For performance reasons it is important that the rotor is in alignment with the wind direction. In some HAWT designs the rotor is designed to be operated facing the wind, and in others the rotor is designed to operate facing in a ‘downwind’ direction.
In both of these configurations, the wind turbine includes a nacelle yaw control system which is operable to yaw the nacelle about the tower axis. The yaw control system uses wind direction information, for example from a nacelle-mounted anemometer and direction sensor to determine the wind strength and its direction relative to the yaw position of the nacelle. The yaw control system then is able to yaw the nacelle so that it faces into the wind, thereby maximising the power that the wind turbine is able to extract from the wind.
In performing the yaw control of the nacelle, the yaw control system must be provided with accurate position information about the nacelle. Without accurate information, there is a risk that yaw control system is unable to align the nacelle with the wind direction which may lead to a reduction in power generation efficiency. Also, it is important nowadays for a wind turbine to be able to determine the absolute wind direction, as opposed to the direction relative to the nacelle, since this parameter may be used for certain control strategies, such as wake reduction techniques for example. Absolute wind direction is usually determined by adding relative wind direction to the nacelle yaw position.

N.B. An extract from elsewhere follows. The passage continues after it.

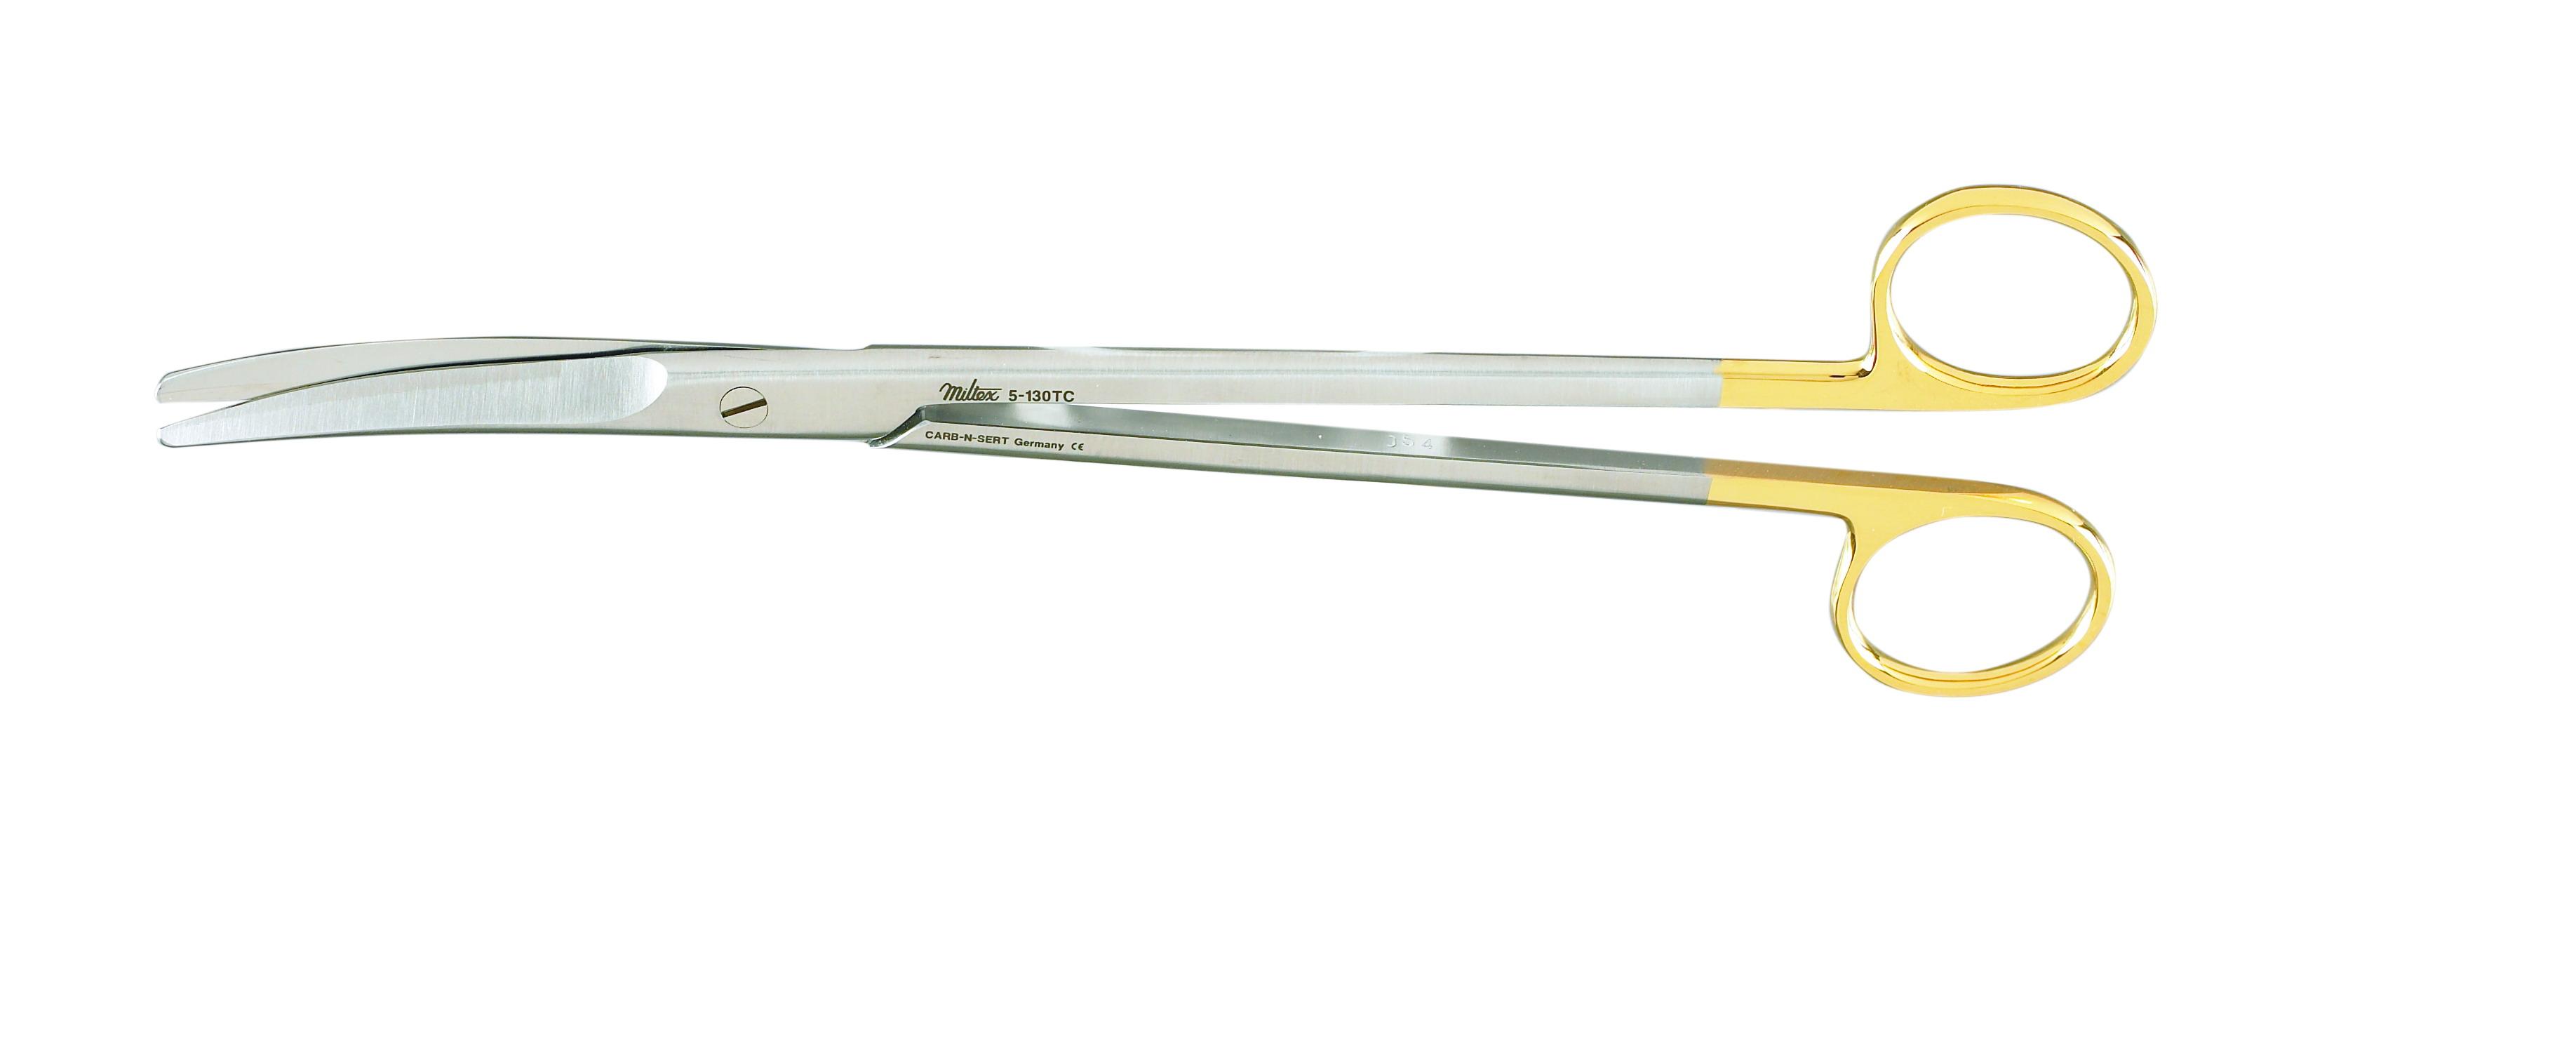 mayo-dissecting-scissors-9-229-cm-curved-standard-bevele-blades-5-130tc-miltex.jpg
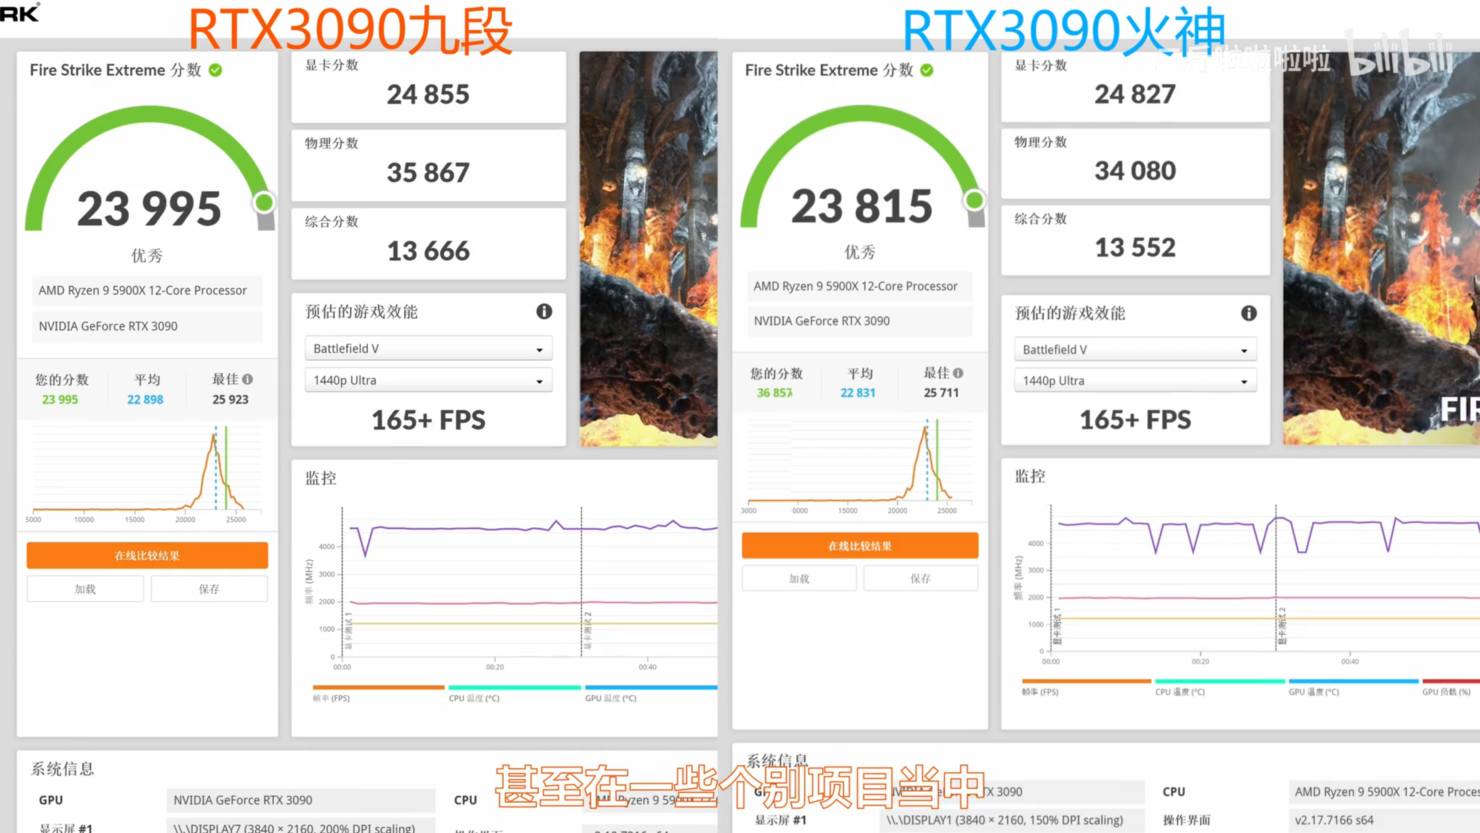 colorful-igame-geforce-rtx-3090-kudan-graphics-card-benchmarks-_3

In a typical yaw control system, the nacelle position is derived from a sensor that monitors the movement of a tower-mounted yaw ring gear that is rotated by one or more motor-driven yaw pinions. Usually an optical or magnetic encoder sensor is used for this purpose. Rotational movement of one of the yaw drive pinions may also be measured.
Errors in the yaw measurement system can in certain circumstances accumulate into a significant yaw error which has a knock on affect particularly in the determination of a value of the absolute wind direction for the wind turbine. It will be appreciated from the above discussion that it would be desirable at least to detect when a yaw sensor is providing inaccurate data so that appropriate action can be taken. It would also be desirable to mitigate for the presence of the inaccurate data so that a given wind turbine in a wind farm always has an acceptably accurate measure of absolute wind direction available to it so that control objectives can be achieved.
It is against this background that the invention has been devised.